Del Monte Properties and Investments, Inc. v. Dolan

Facts: A landlord rents a residential property to a tenant. The rental agreement provides the tenant will be charged a flat late fee if rent is not timely paid. The tenant fails to pay rent. The landlord serves the tenant with a three-day notice to pay rent or quit which includes a late fee set as a percentage of the rent. The tenant fails to pay or vacate after three days and the landlord files an unlawful detainer (UD) action.

Claim: The landlord seeks possession of the property and the amount of the unpaid rent plus the late fee, claiming the tenant agreed to the late fee’s flat dollar amount in their lease agreement regardless of how it was calculated.

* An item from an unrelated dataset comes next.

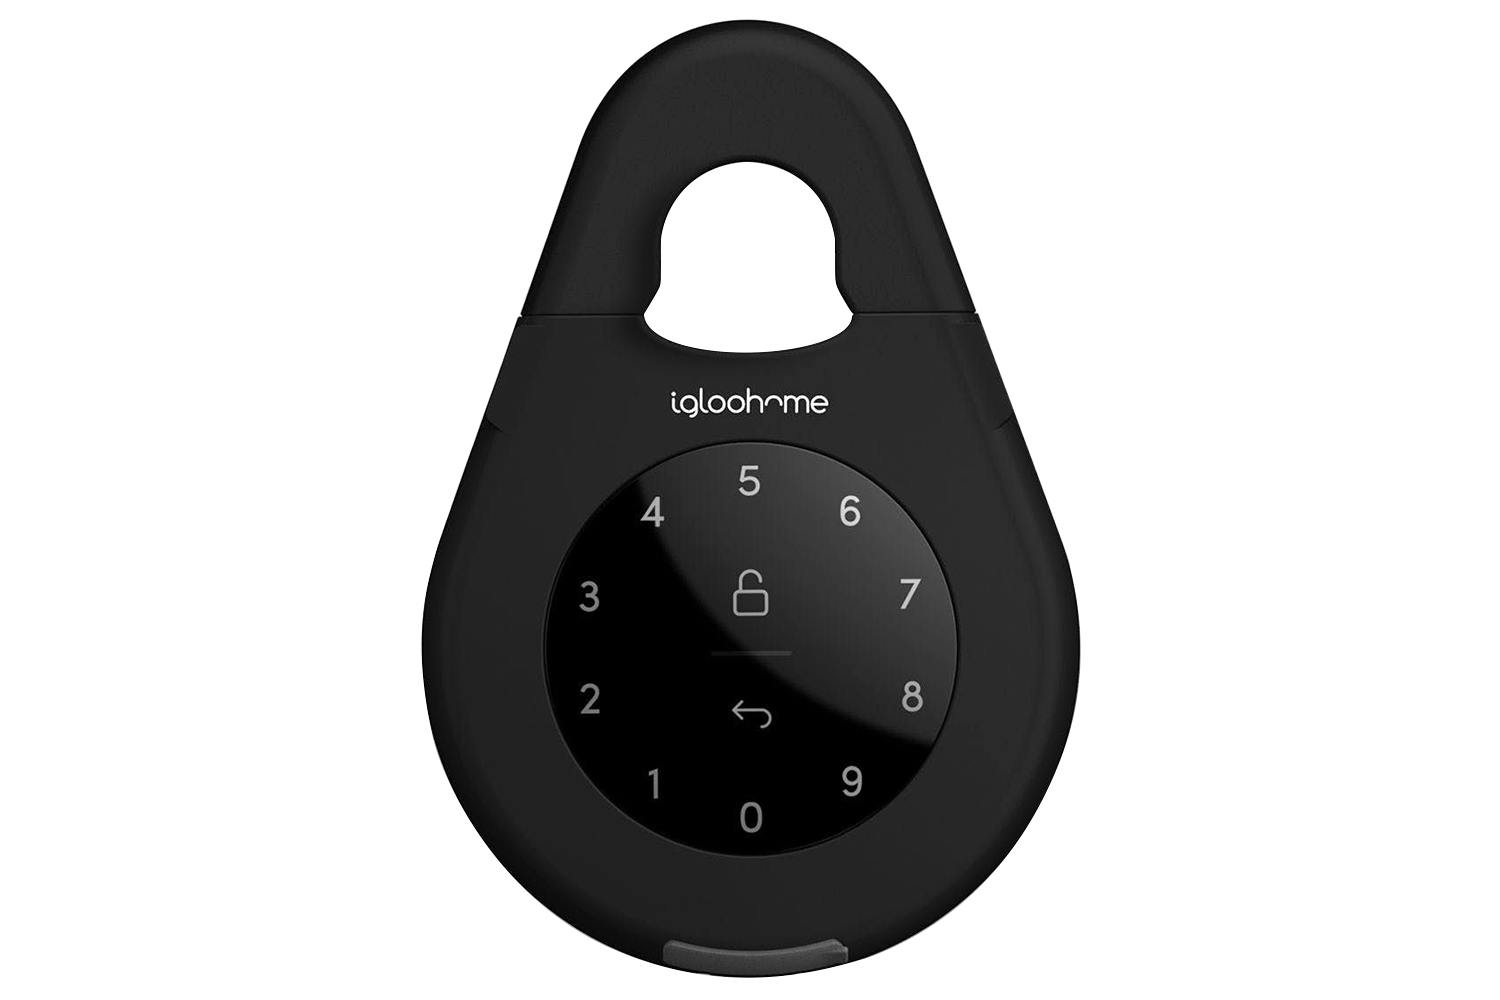 Igloohome Keybox 3 Smart Lock

Counterclaim: The tenant claims the three-day notice is invalidated by the inclusion of the late fee calculation as a percentage of the rent since the late fee needs to be calculated based on losses caused by late rent payment.

Holding: A California court of appeals holds the landlord may not regain possession of the property or collect payment since they did not calculate the late fee based on losses caused by the late payment, rendering the three-day notice defective. [Del Monte Properties and Investments, Inc v. Dolan (May 11, 2018)_CA5th_]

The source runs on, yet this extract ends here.